諸外国の番号制度を見ると、導入当初の目的は様々で、国防上の理由もあれば不正受給や脱税の防止といった理由もあります。しかし、国家が成熟するにつれて、国民サービスの向上や行政の効率化といった用途の比重が大きくなっています。

権利と義務は表裏一体なので、権利を守ることで義務を意識する機会も増えるでしょう。誰かの社会保障を充実させることは、誰かの社会保障を抑制することになるかもしれません。透明性が高まることで、不正受給や脱税がしにくい社会になるかもしれません。

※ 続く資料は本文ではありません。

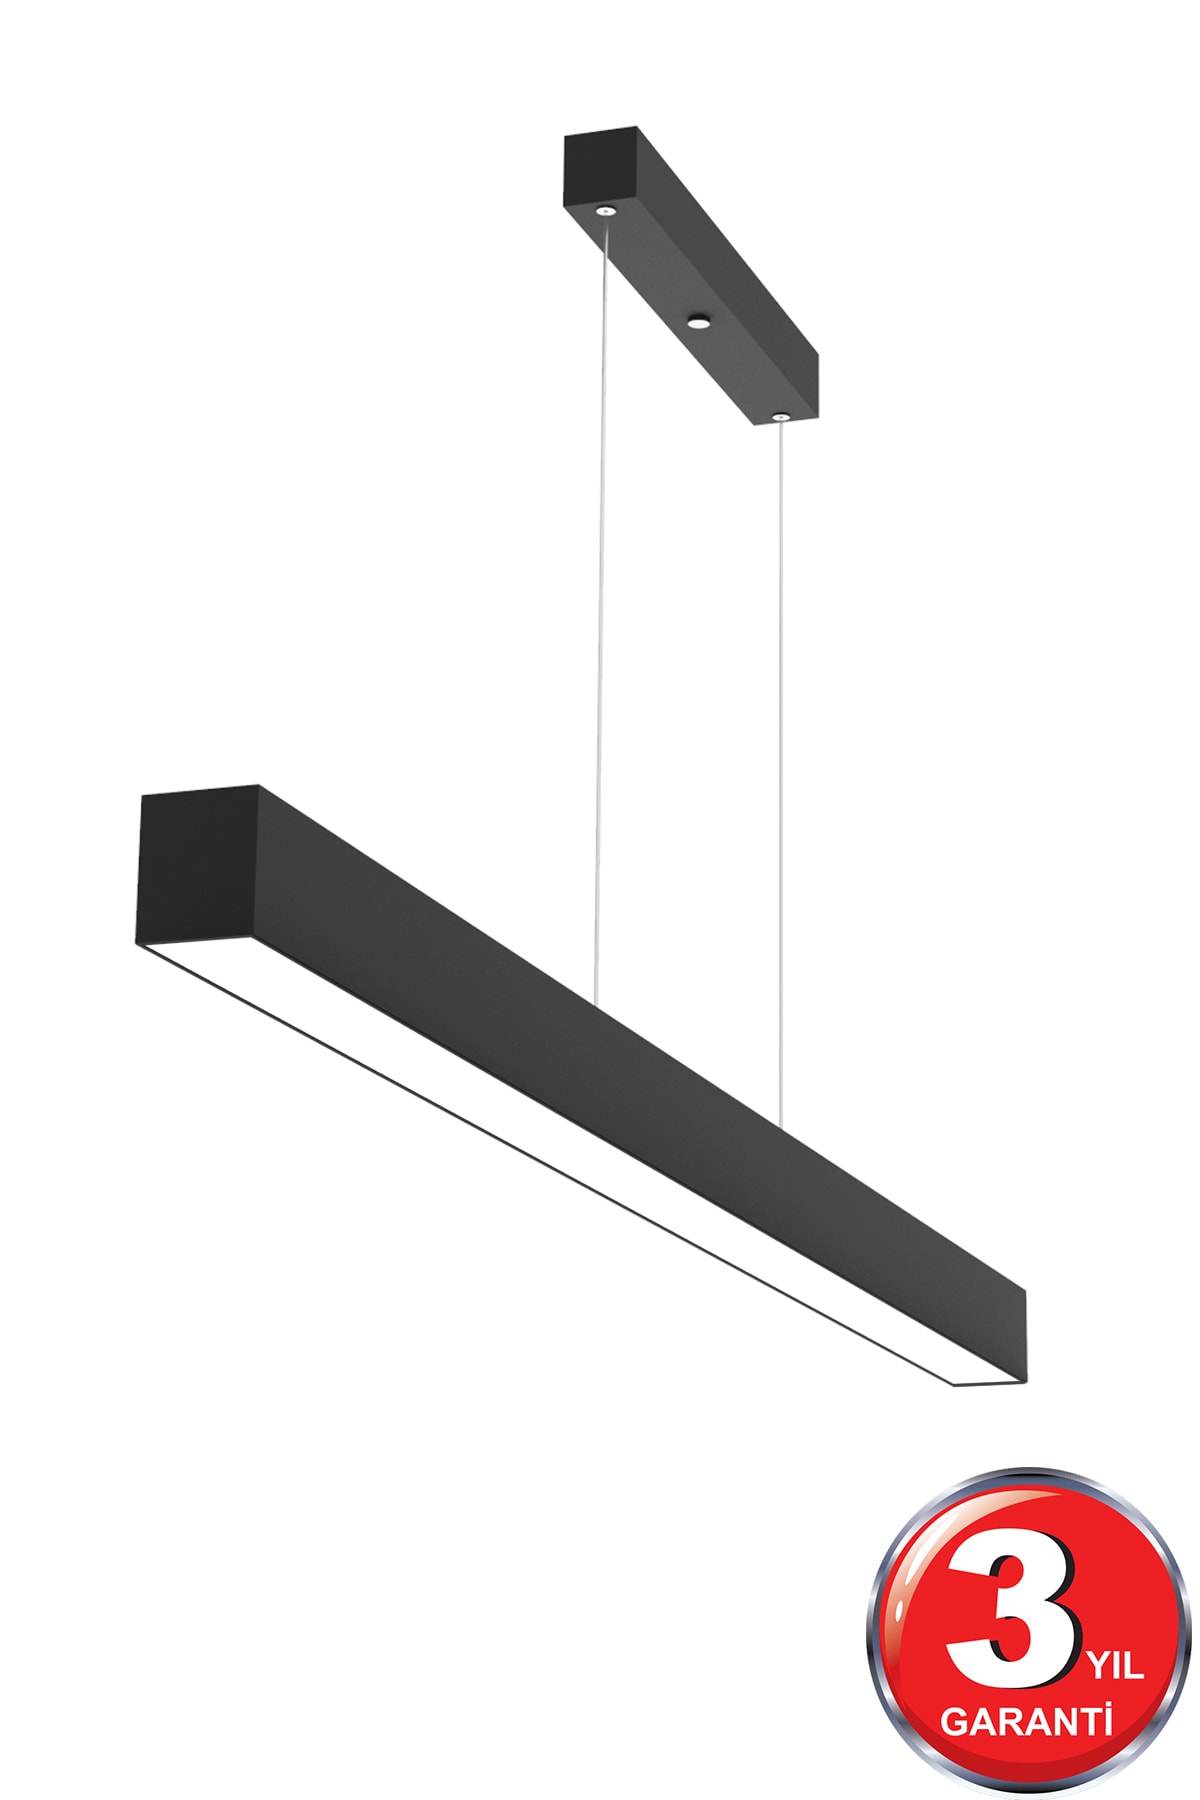 Hegza Lighting Lineer 80cm ( Siyah Kasa, Gün Işığı ) Ledli Sarkıt Modern Led Avize, Salon, Mutfak, Masa Üstü Avize

このように社会の変化を促すことは、番号制度に期待される大切な役割ではないかと思います。

●実現すべき社会とは

こちらは基本方針から変わっていませんね。

・より公平・公正な社会の実現
・社会保障がきめ細やかかつ的確に行われる社会の実現
・行政に過誤や無駄のない社会の実現
・国民にとって利便性の高い社会の実現
・国民の権利を守り、自己情報をコントロールできる社会の実現

個人的には、あまり窮屈になっても住みにくいと思うので、「変化に対して柔軟に対応できる社会」「失敗に対して寛容な社会」なども実現して欲しいところです。

これ以外にも、被災者救援・震災地復興、防災福祉といった観点から、番号制度の活用が検討されています。具体的な活用方法については、国内だけで検討するのではなく、諸外国の事例も調査した方が良いでしょう。

次回は、具体的な利用場面について考えてみます。